- **Prompt**:
Exact copy, no pictures: return all the data below as written.

- **Available data**:
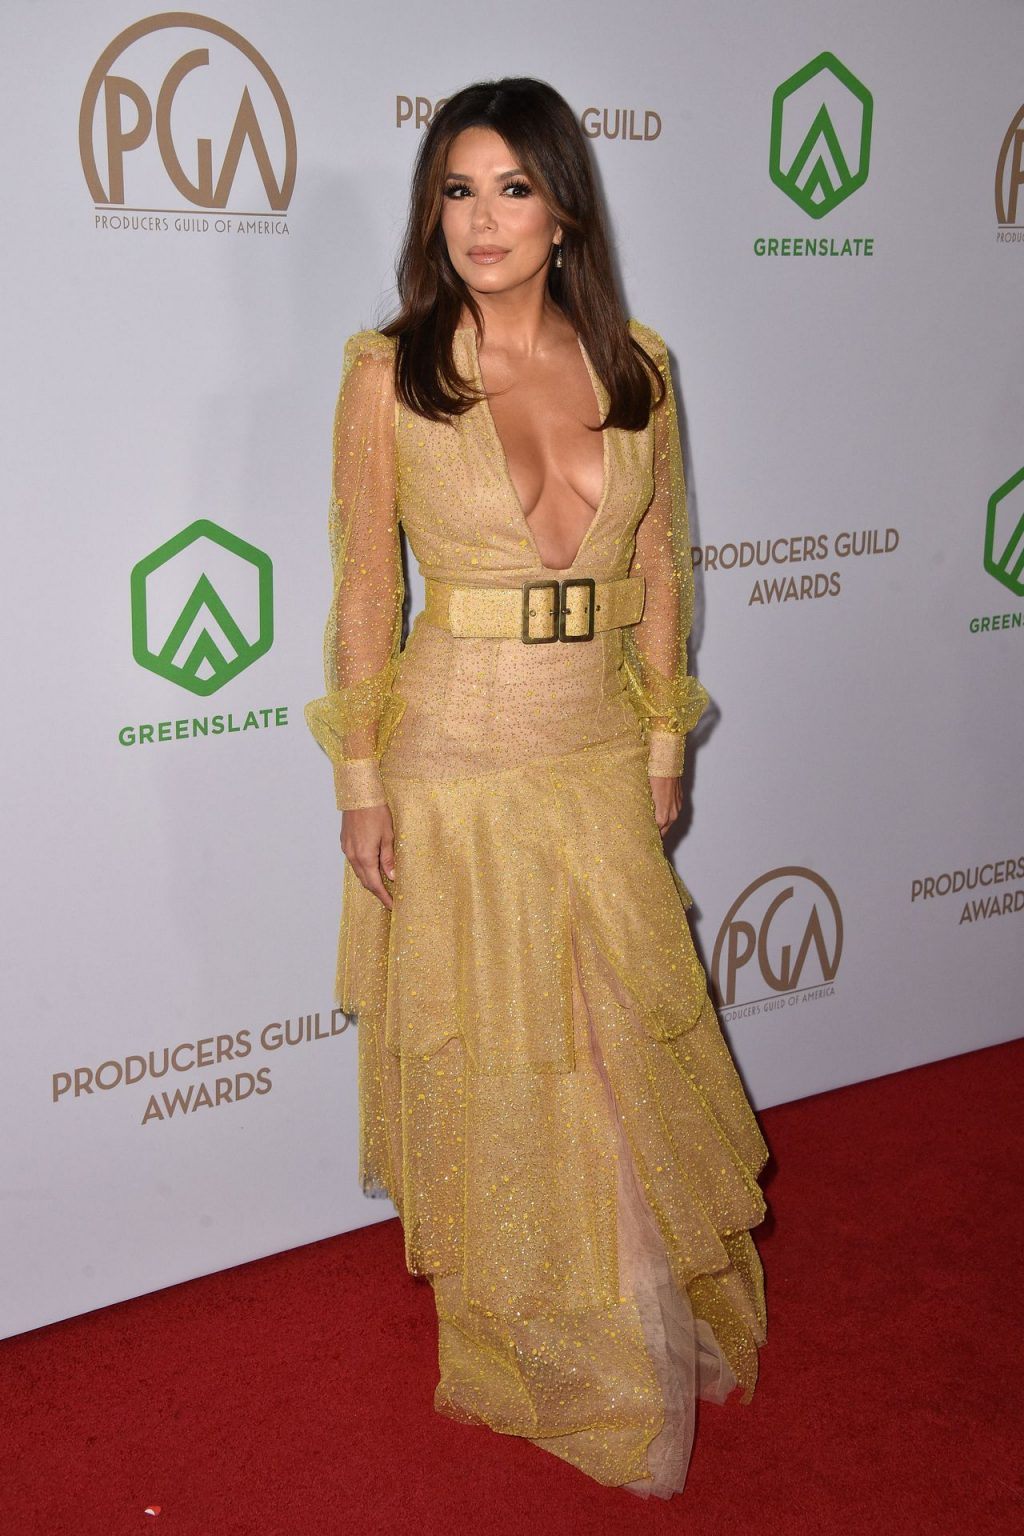 Eva Longoria Displays Her Cleavage at the Producers Guild Awards (25 Photos)
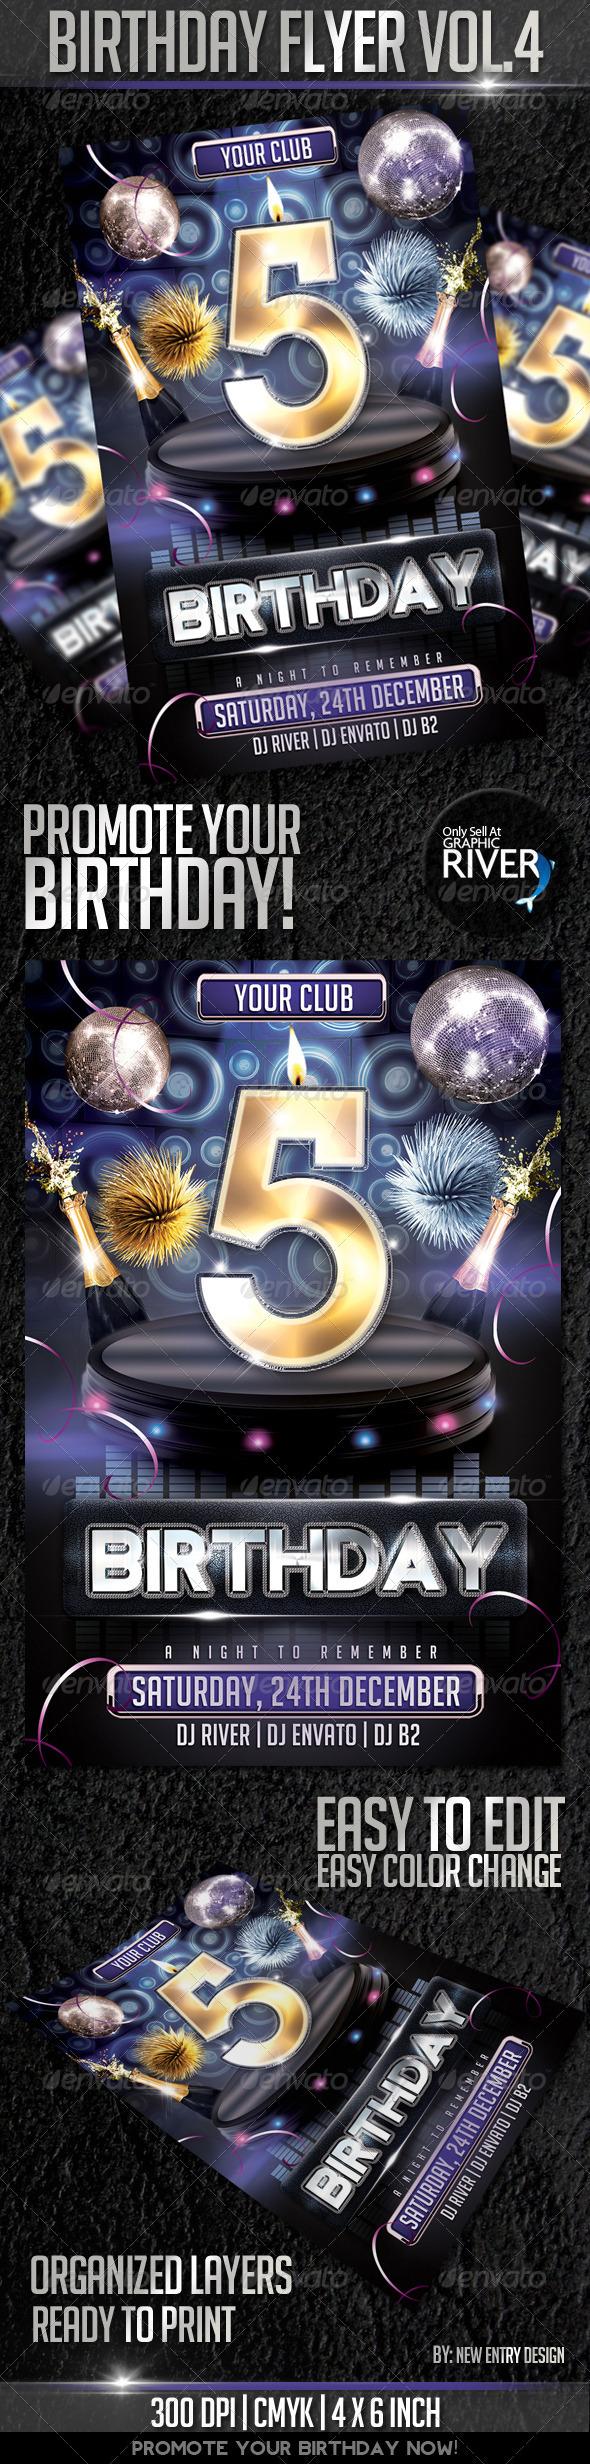 Birthday Flyer Template Vol4 - Flyers Print Templates
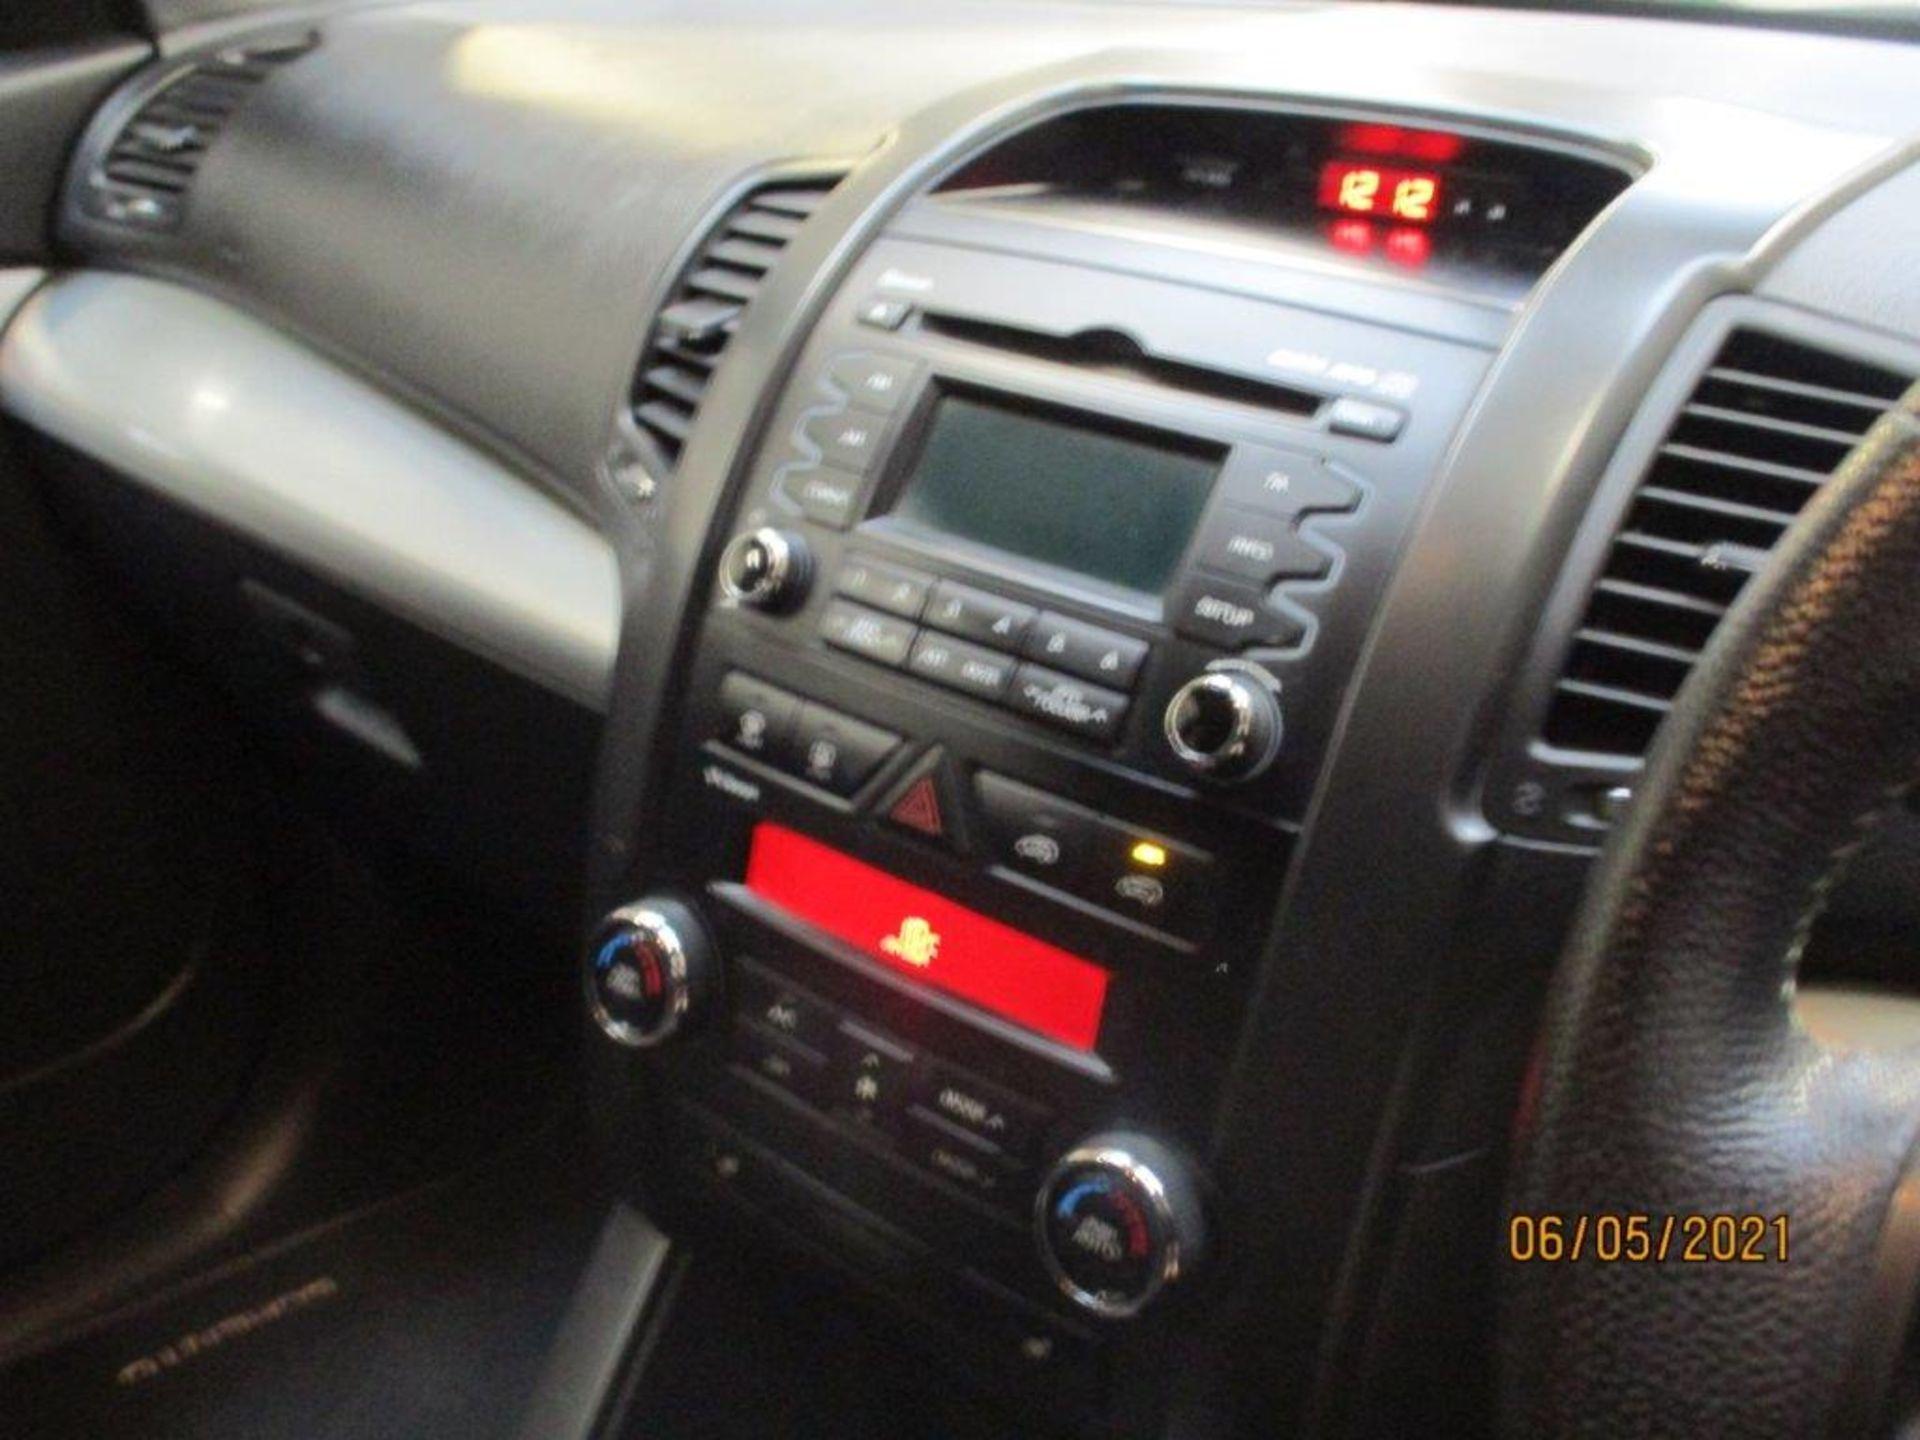 12 12 Kia Sorento KX2 CRDI Auto - Image 9 of 24

- **Reply**:
 Eva Longoria Displays Her Cleavage at the Producers Guild Awards (25 Photos)
 Birthday Flyer Template Vol4 - Flyers Print Templates
 12 12 Kia Sorento KX2 CRDI Auto - Image 9 of 24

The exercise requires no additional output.